━━━ Extracted entries ━━━
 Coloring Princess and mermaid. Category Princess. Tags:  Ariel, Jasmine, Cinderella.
━━━
━━━ Extracted entries ━━━
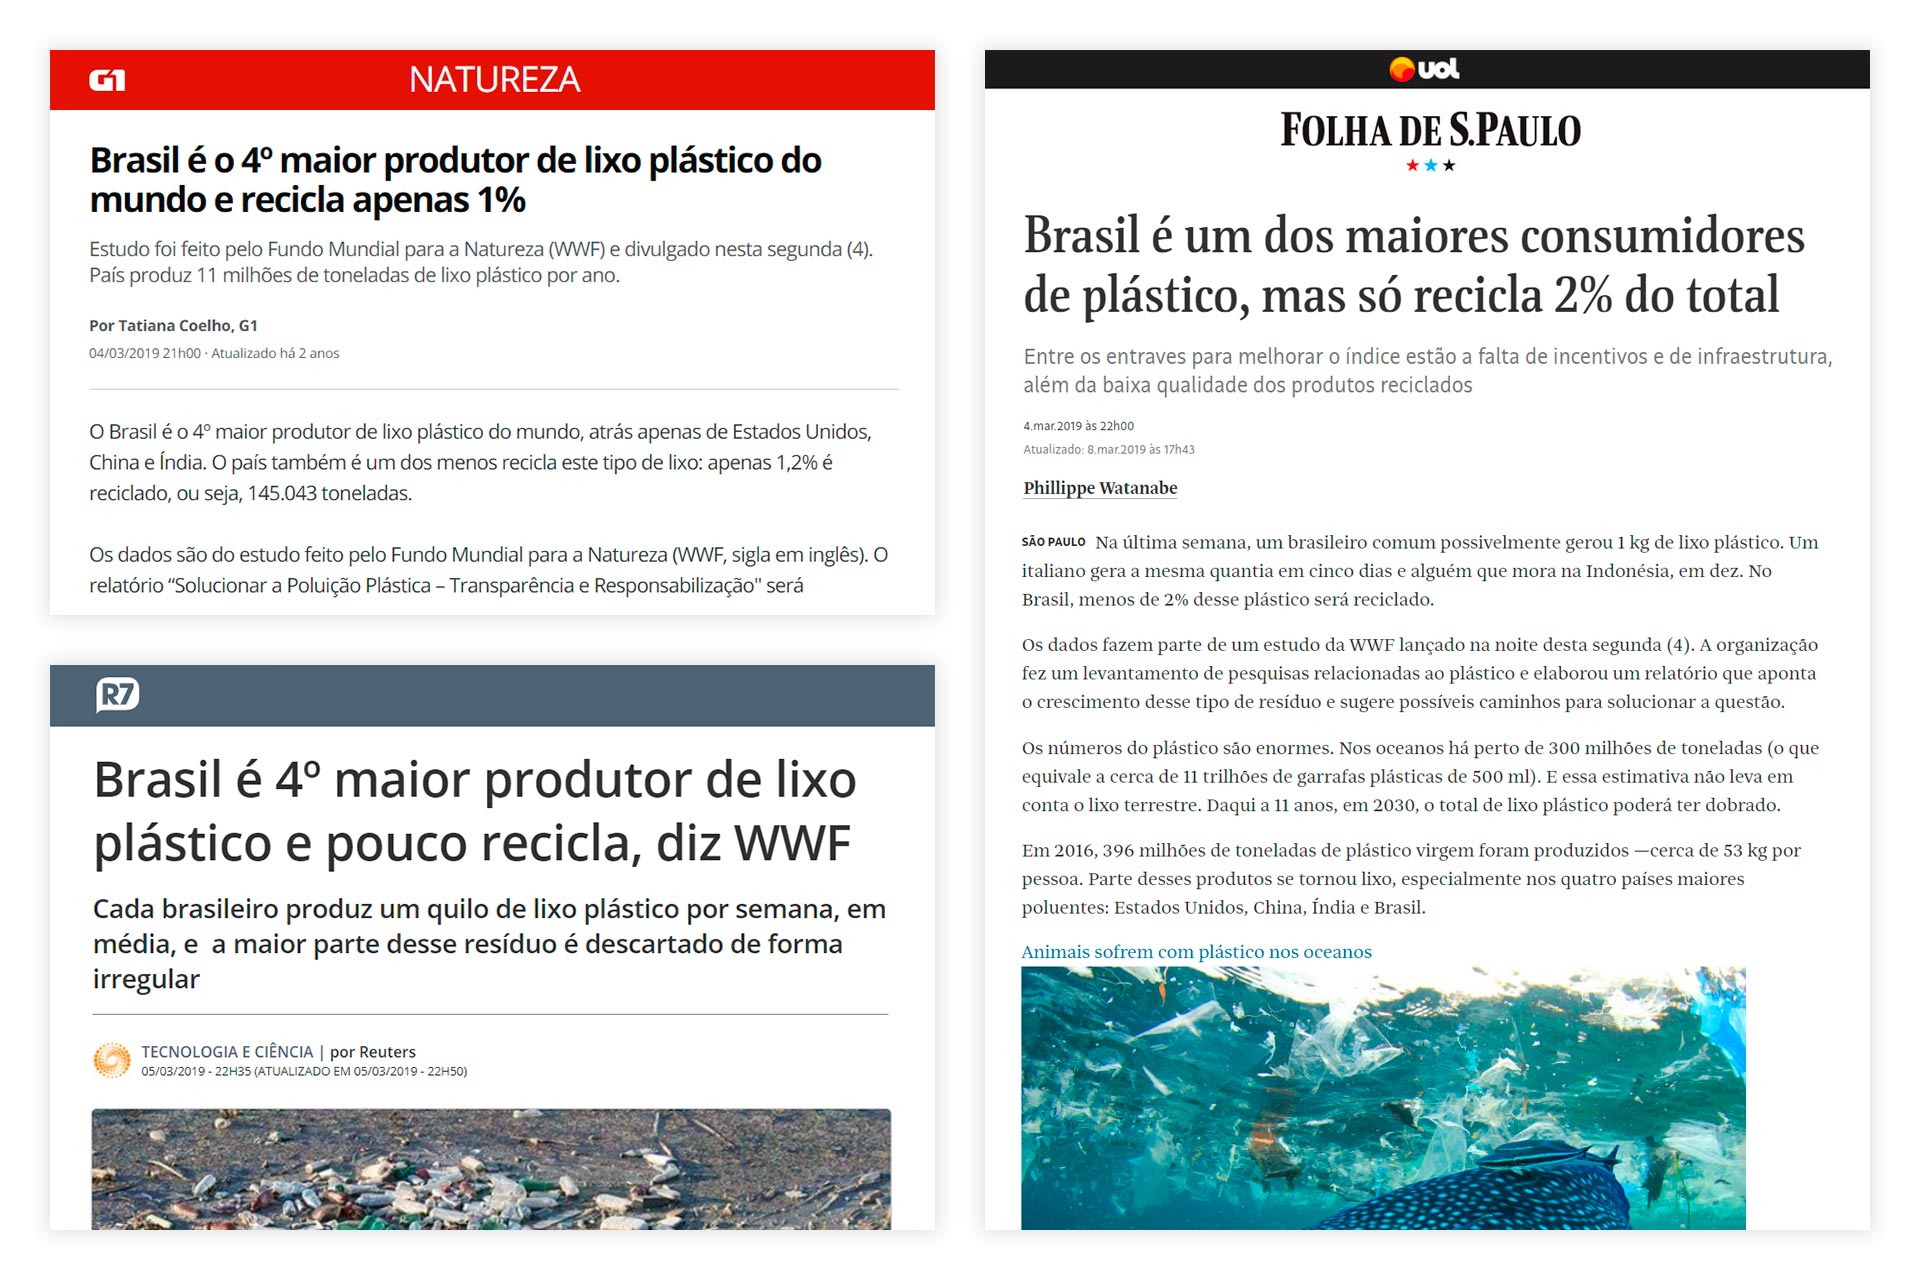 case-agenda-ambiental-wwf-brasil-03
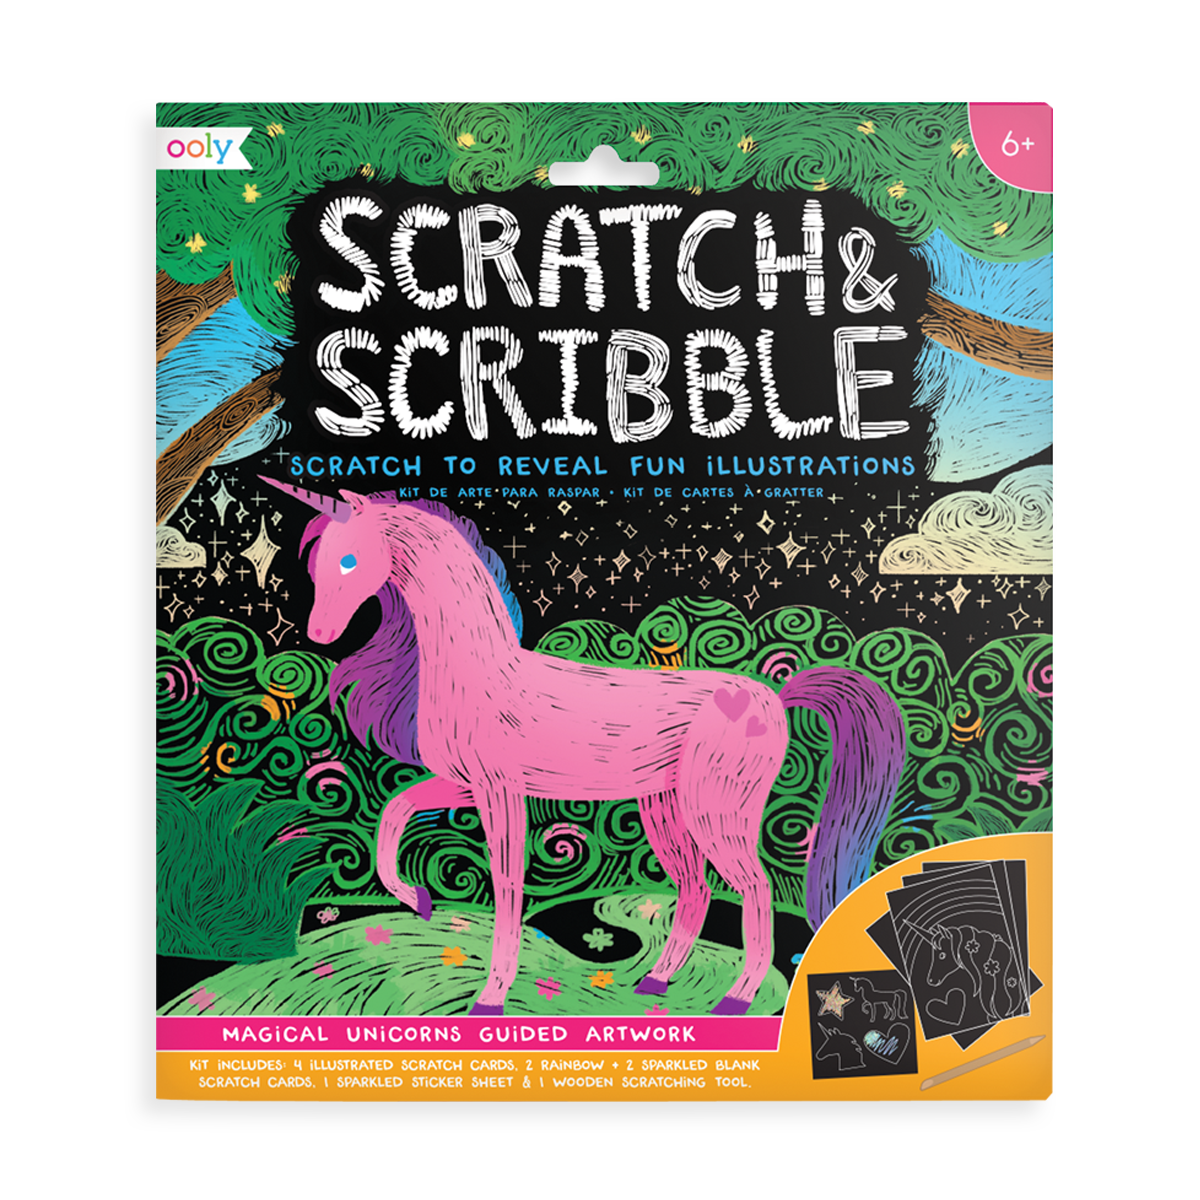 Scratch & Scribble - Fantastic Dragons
━━━
From the records above, copy only the lines running from the line holding "case-agenda-ambiental-wwf-brasil-03" through the line holding "Scratch & Scribble - Fantastic Dragons", with no pictures.

Exercise output:
 case-agenda-ambiental-wwf-brasil-03
 Scratch & Scribble - Fantastic Dragons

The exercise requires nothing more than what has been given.